We also saw Collingwood defeat Essendon at the MCG. Their 5th win in a row, had a members’ area seat and dinner in the Members’ dining room so very comfortable! While Collingwood is the best, I am also following St Kilda’s trip to the Flag, to support Andrew.
Nick celebrated his 12th birthday with the favourite Chocolate Ripple birthday cake!
Celia and I had a long weekend down at Aireys, spent most of it holed up around the fire (great wood that burned hot!) reading (The Elegance of the Hedgehog, The coroners Lunch,) watching DVDs (I’ve loved you so long, Lars and the Real Girl, and Miss Pettigrew lives for a day). All fabulous! We also read played endless games of scrabble and wined and dined. The dogs were happy to be with us whatever we were doing.

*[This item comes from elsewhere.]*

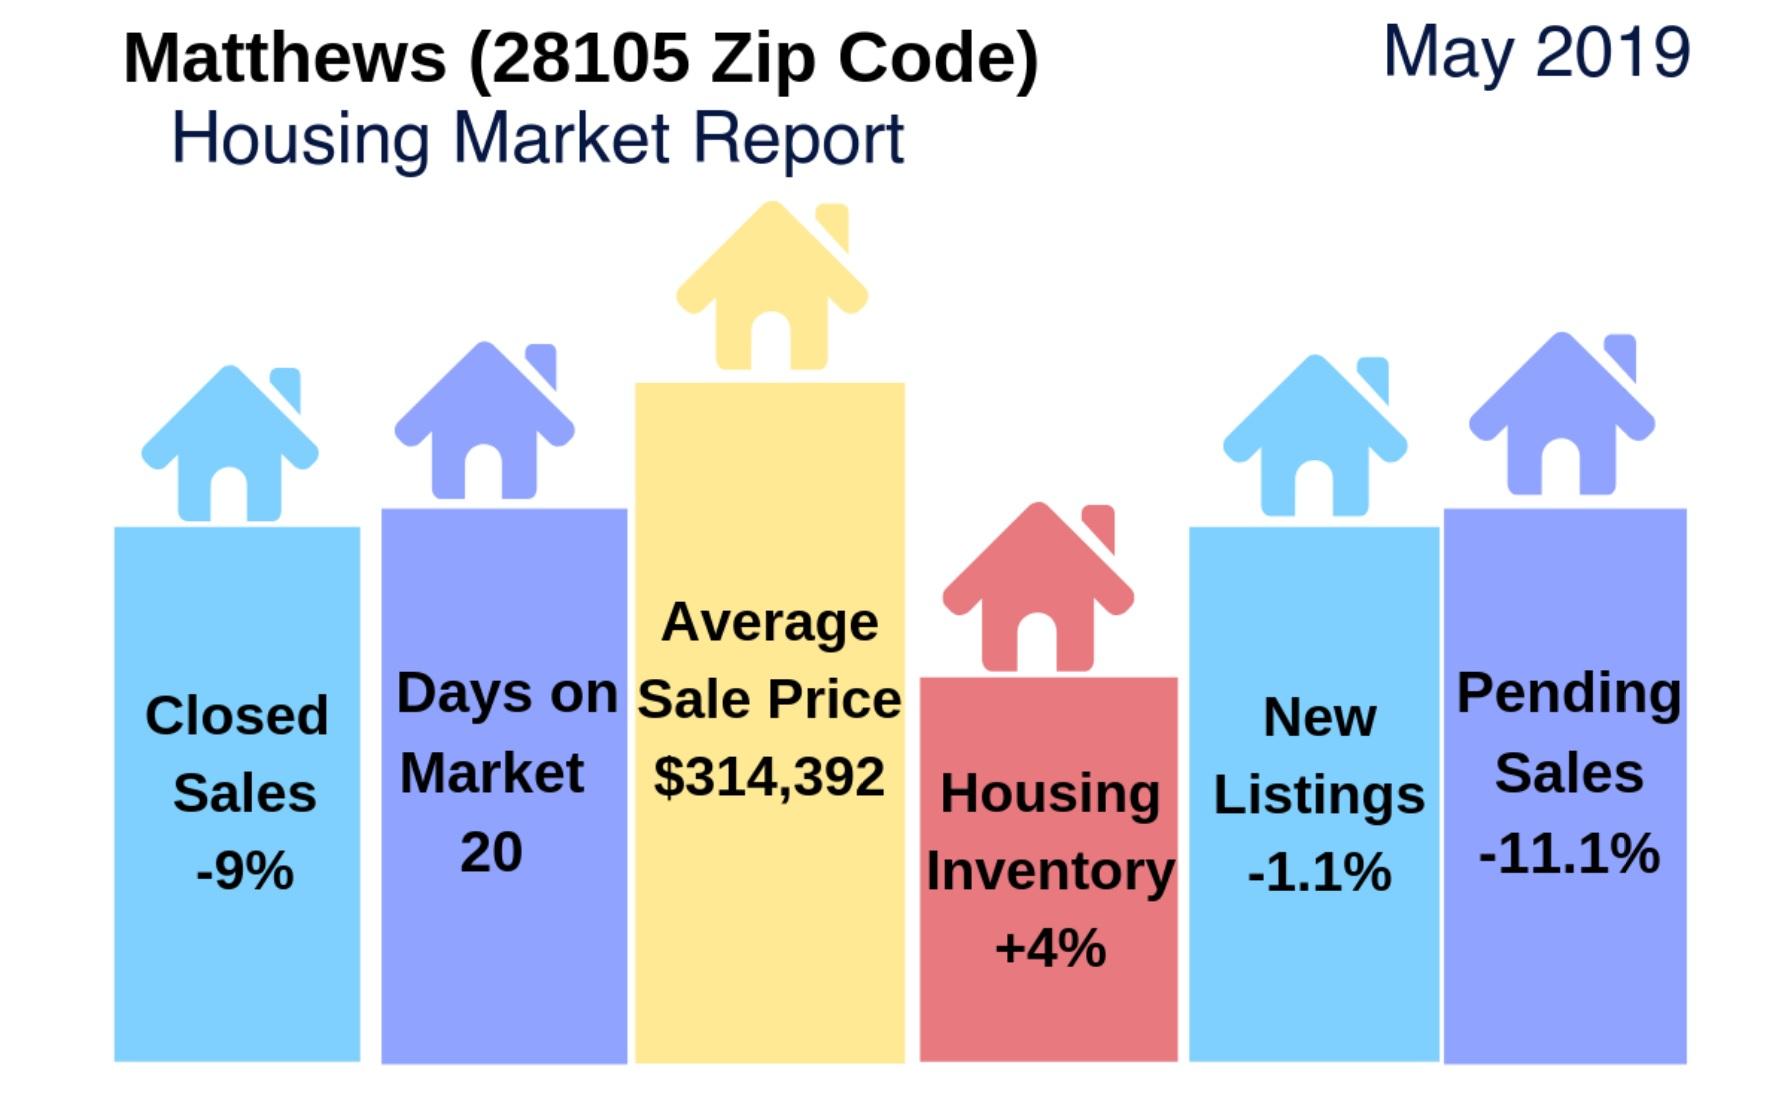 Matthews, NC (28105 Zip Code) Housing Market Update & Video: April 2019

Friday we are off to Bennets Lane Jazz club to hear Yvette Johansen who I heard at the Chech Club a few weeks ago. We are having dinner before and Celia booked us in to a new Bar called …Trunk, which turns out to be a change of owner from Chinese one that was the Ethel Nilsen Day Care Centre where I was Director 1980-1984.

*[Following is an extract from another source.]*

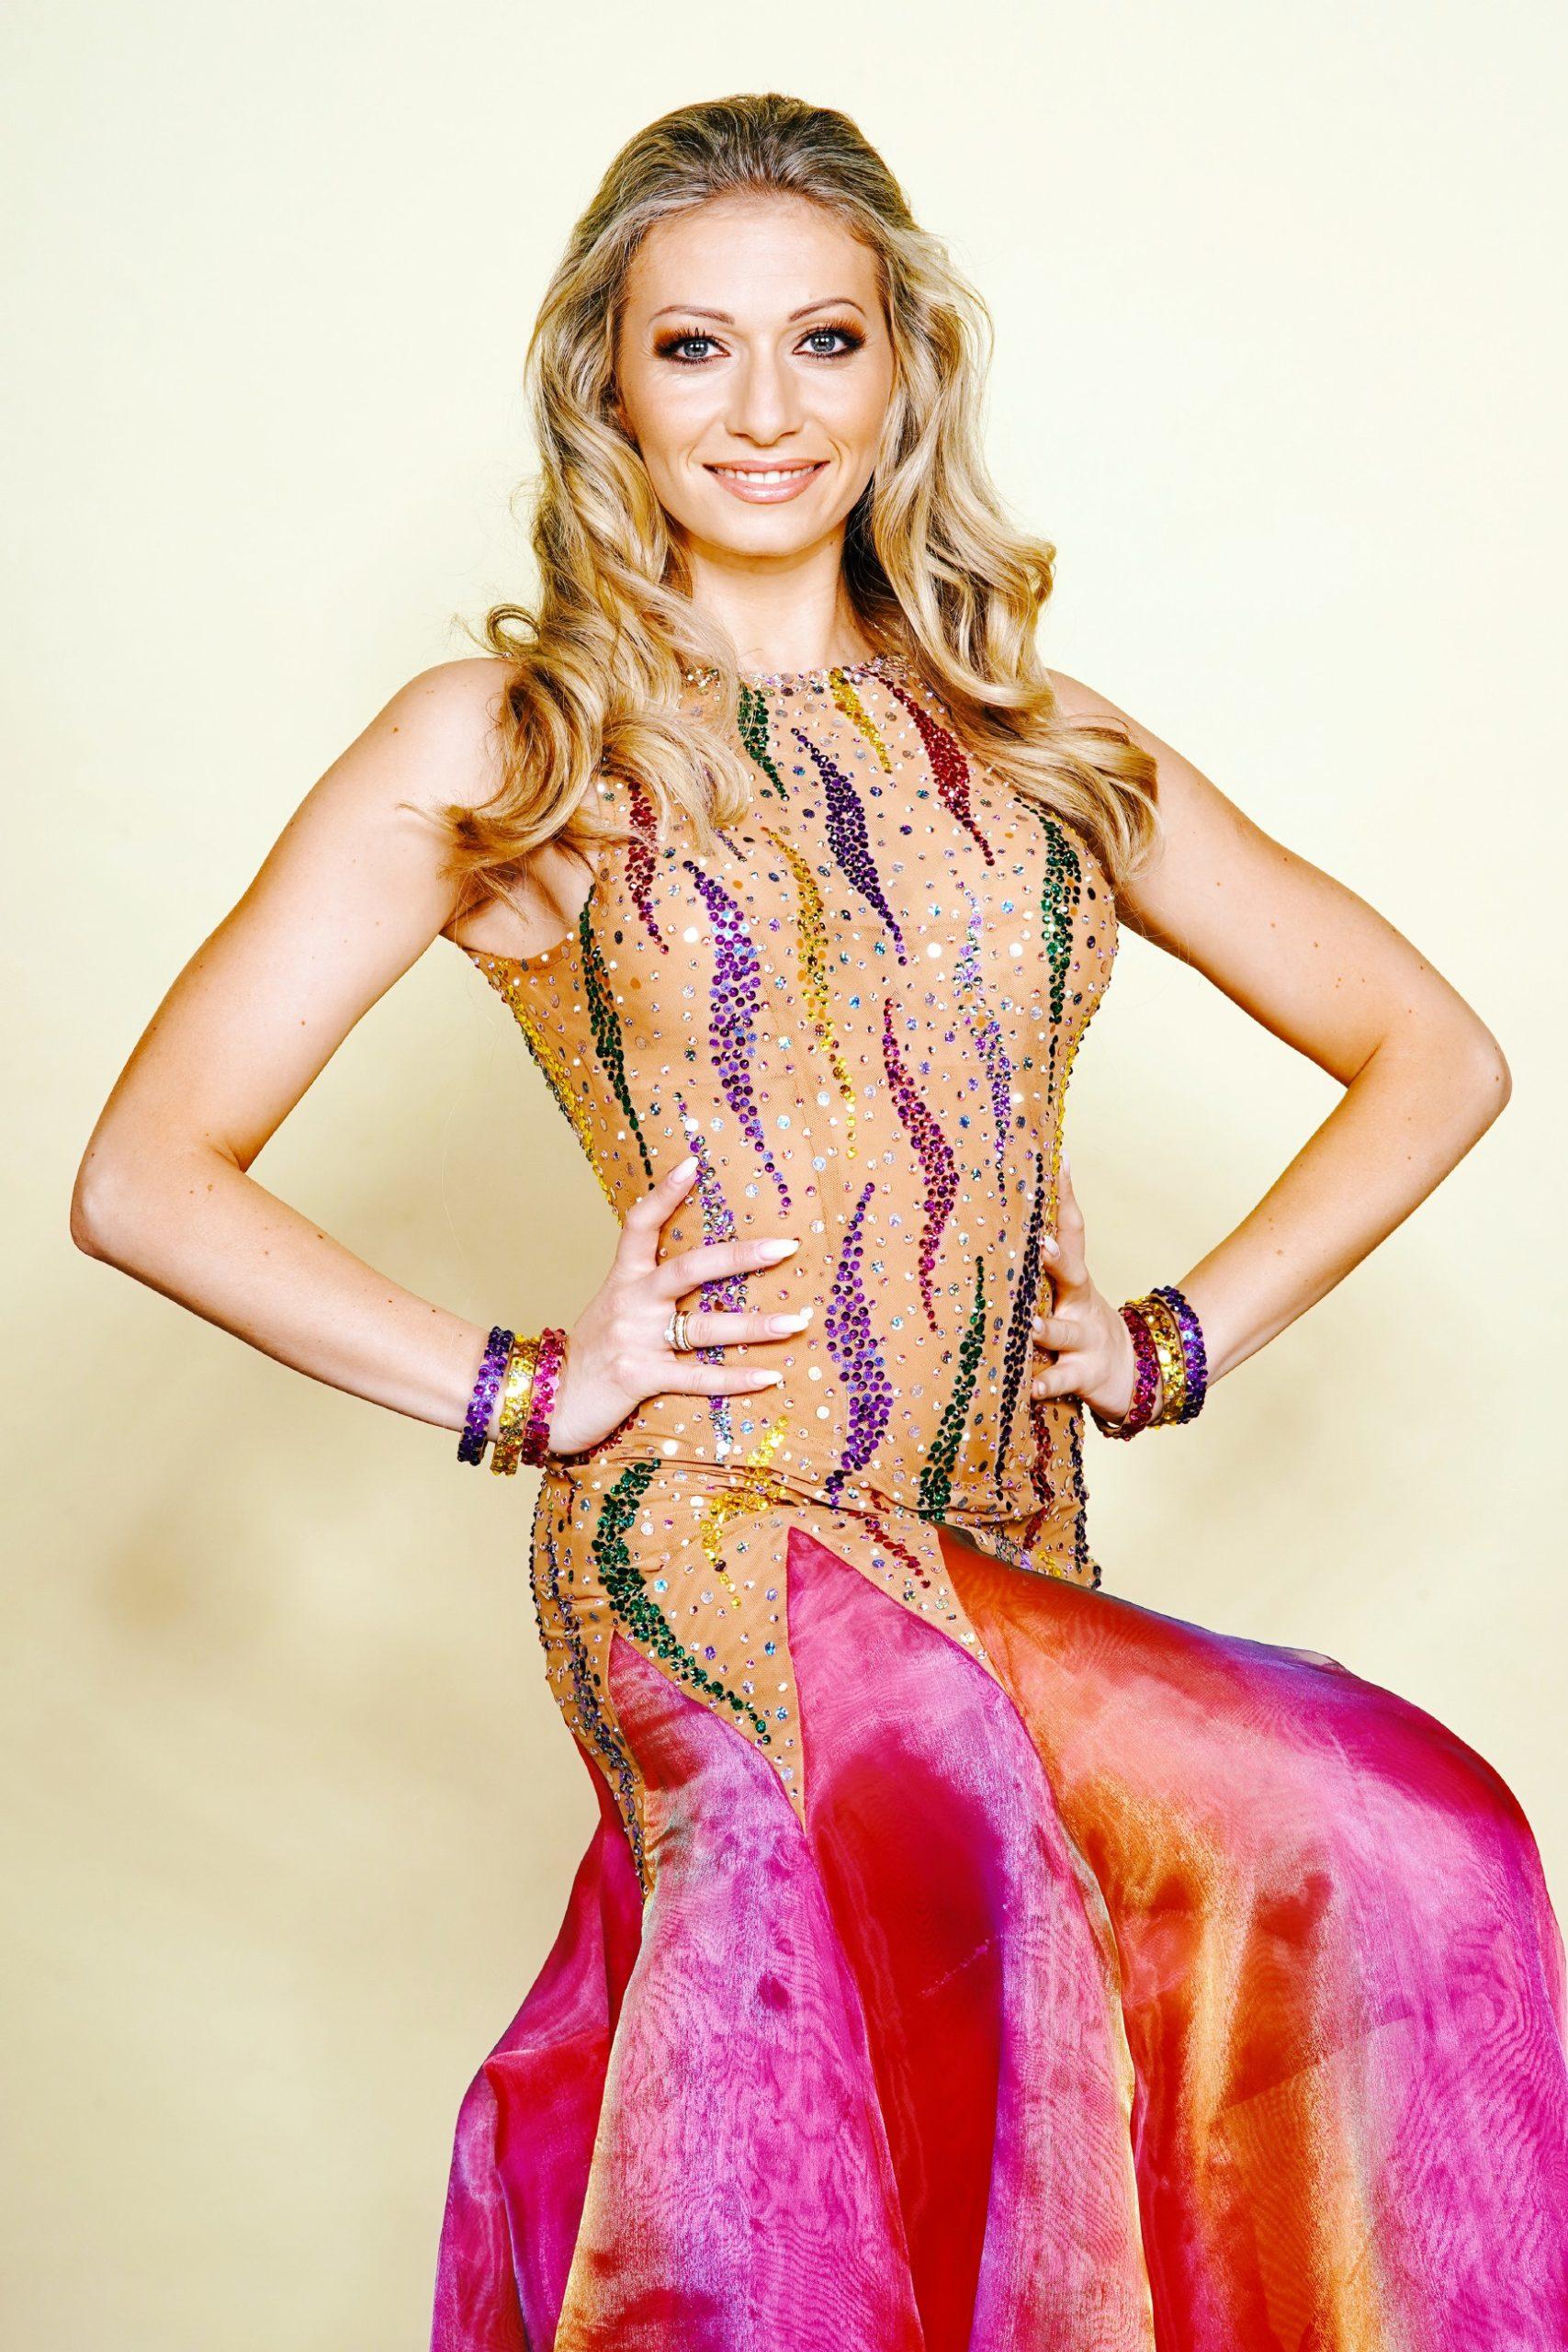 Let's Dance 2020 - Profitänzerin Renata Lusin

It was originally built in 1859 by architects Knight and Kerr (Parliament House) as the Mickveh Yisrael Synagogue and Hebrew School, run by the Rev.Moses Rintel. It was used as such until 1877, it then became State School No 2030 until 1892, and subsequently had a number of educational, social welfare and child care uses including the City Free Kindergarten .
The history of the former Synagogue is thus intimately bound up with the provision of social welfare, particularly catering to the needs of impoverished women and children and the unemployed in the formerly deprived north-eastern quarter of the city. As such, it is also a reminder of the character of this part of the city in the late 19th century and early 20th century: the area around Lonsdale, Little Lonsdale and Stephen Street (as Exhibition Street was originally known) was thought of as a slum area, inhabited by the poor and vice-prone. Now much of the small-scale fabric of this area has disappeared, giving the former Synagogue added significance.
Bennett's Lane was a great success everyone loving Yvette's performance. She is such a versatile singer, doing some great Blossom Dearie numbers. The venue was great so I feel comfortable about going there again, even if alone.
Off to see the John Brack's exhibition today then to Williamstown Little Theatre.